§ What you are asked to do: Find the line with "Жилетка ASSOS Mille" in the entries below. Repeat it, every following line, and the line with "Correos Dark Horses luxury sunglasses", exactly and with nothing added.

[Entries taken from a collection]

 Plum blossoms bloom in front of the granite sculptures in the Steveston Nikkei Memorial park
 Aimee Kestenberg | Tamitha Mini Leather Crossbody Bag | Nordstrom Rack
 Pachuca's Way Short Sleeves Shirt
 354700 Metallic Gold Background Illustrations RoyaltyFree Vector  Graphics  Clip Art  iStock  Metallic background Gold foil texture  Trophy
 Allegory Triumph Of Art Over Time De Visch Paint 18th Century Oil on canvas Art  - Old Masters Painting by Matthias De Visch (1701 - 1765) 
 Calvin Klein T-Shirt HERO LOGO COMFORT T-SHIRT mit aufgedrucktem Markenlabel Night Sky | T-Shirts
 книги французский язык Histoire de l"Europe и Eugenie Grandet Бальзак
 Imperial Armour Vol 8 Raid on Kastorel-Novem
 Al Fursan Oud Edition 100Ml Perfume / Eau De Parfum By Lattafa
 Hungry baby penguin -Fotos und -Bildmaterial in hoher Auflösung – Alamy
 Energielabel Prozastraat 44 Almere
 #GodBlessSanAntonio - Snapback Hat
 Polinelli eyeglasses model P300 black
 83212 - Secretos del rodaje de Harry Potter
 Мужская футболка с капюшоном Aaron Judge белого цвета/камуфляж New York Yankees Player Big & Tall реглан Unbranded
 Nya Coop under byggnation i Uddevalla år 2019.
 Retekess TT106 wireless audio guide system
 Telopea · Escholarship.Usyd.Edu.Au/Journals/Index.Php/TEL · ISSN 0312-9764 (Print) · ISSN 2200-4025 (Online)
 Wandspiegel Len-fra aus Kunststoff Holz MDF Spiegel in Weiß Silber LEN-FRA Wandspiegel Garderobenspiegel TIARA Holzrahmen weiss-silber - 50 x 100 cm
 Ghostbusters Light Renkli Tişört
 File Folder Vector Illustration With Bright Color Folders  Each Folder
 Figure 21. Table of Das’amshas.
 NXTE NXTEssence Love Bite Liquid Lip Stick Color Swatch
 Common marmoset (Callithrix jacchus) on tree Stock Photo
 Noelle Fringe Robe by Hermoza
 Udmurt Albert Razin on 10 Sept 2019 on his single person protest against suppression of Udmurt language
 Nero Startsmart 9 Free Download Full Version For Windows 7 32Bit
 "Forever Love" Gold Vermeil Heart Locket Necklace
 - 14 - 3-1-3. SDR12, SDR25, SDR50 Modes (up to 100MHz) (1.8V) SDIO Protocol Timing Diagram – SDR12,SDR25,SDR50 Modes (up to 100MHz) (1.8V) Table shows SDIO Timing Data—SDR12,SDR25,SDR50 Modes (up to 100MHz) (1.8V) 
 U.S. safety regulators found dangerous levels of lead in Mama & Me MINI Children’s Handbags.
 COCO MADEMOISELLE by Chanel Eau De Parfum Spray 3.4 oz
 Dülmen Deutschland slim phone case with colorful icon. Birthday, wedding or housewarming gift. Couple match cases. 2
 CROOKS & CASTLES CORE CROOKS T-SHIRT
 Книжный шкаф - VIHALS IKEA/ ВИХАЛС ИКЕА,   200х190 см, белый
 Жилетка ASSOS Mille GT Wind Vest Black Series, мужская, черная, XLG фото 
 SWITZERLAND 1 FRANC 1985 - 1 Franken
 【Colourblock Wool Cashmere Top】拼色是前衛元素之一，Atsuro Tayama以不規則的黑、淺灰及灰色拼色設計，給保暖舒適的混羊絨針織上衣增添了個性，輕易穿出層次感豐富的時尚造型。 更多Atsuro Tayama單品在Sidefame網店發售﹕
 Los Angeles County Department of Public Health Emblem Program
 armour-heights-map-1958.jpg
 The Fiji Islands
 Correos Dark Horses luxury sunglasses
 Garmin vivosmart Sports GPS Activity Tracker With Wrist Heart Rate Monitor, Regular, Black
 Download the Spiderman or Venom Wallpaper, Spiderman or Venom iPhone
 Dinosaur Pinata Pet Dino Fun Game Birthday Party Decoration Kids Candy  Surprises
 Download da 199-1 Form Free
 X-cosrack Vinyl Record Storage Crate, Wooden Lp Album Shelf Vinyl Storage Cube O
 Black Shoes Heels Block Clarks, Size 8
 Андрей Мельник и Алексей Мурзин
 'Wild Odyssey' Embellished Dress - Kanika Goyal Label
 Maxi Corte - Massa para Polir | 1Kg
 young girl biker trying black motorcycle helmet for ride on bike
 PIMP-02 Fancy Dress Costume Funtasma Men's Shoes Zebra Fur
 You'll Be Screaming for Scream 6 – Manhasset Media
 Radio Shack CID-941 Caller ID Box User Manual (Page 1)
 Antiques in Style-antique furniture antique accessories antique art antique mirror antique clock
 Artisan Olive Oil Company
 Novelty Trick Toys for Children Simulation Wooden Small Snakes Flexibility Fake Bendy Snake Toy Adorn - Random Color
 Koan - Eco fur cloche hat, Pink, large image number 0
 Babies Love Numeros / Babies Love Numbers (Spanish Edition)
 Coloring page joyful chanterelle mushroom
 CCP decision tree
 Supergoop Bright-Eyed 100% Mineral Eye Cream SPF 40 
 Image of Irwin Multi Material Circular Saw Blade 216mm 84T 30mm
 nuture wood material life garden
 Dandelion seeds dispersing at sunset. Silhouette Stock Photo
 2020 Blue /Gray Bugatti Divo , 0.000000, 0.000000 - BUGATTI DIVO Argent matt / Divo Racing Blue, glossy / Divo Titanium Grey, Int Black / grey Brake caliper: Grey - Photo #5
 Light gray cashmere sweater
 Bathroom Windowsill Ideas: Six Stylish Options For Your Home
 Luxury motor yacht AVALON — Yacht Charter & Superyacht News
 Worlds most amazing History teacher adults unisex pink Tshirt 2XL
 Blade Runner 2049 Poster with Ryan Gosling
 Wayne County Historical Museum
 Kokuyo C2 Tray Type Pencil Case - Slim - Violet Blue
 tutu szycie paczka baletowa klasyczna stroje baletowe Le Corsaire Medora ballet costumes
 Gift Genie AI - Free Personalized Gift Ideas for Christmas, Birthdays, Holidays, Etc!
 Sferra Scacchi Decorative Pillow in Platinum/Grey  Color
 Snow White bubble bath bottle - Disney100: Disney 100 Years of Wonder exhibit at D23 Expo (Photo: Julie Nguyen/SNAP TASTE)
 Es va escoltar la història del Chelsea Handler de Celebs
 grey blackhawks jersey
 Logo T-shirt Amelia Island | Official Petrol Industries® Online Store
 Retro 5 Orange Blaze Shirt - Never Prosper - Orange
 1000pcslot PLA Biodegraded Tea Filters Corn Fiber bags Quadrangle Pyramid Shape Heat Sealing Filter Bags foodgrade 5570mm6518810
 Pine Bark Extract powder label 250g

§ Response to the task:
 Жилетка ASSOS Mille GT Wind Vest Black Series, мужская, черная, XLG фото 
 SWITZERLAND 1 FRANC 1985 - 1 Franken
 【Colourblock Wool Cashmere Top】拼色是前衛元素之一，Atsuro Tayama以不規則的黑、淺灰及灰色拼色設計，給保暖舒適的混羊絨針織上衣增添了個性，輕易穿出層次感豐富的時尚造型。 更多Atsuro Tayama單品在Sidefame網店發售﹕
 Los Angeles County Department of Public Health Emblem Program
 armour-heights-map-1958.jpg
 The Fiji Islands
 Correos Dark Horses luxury sunglasses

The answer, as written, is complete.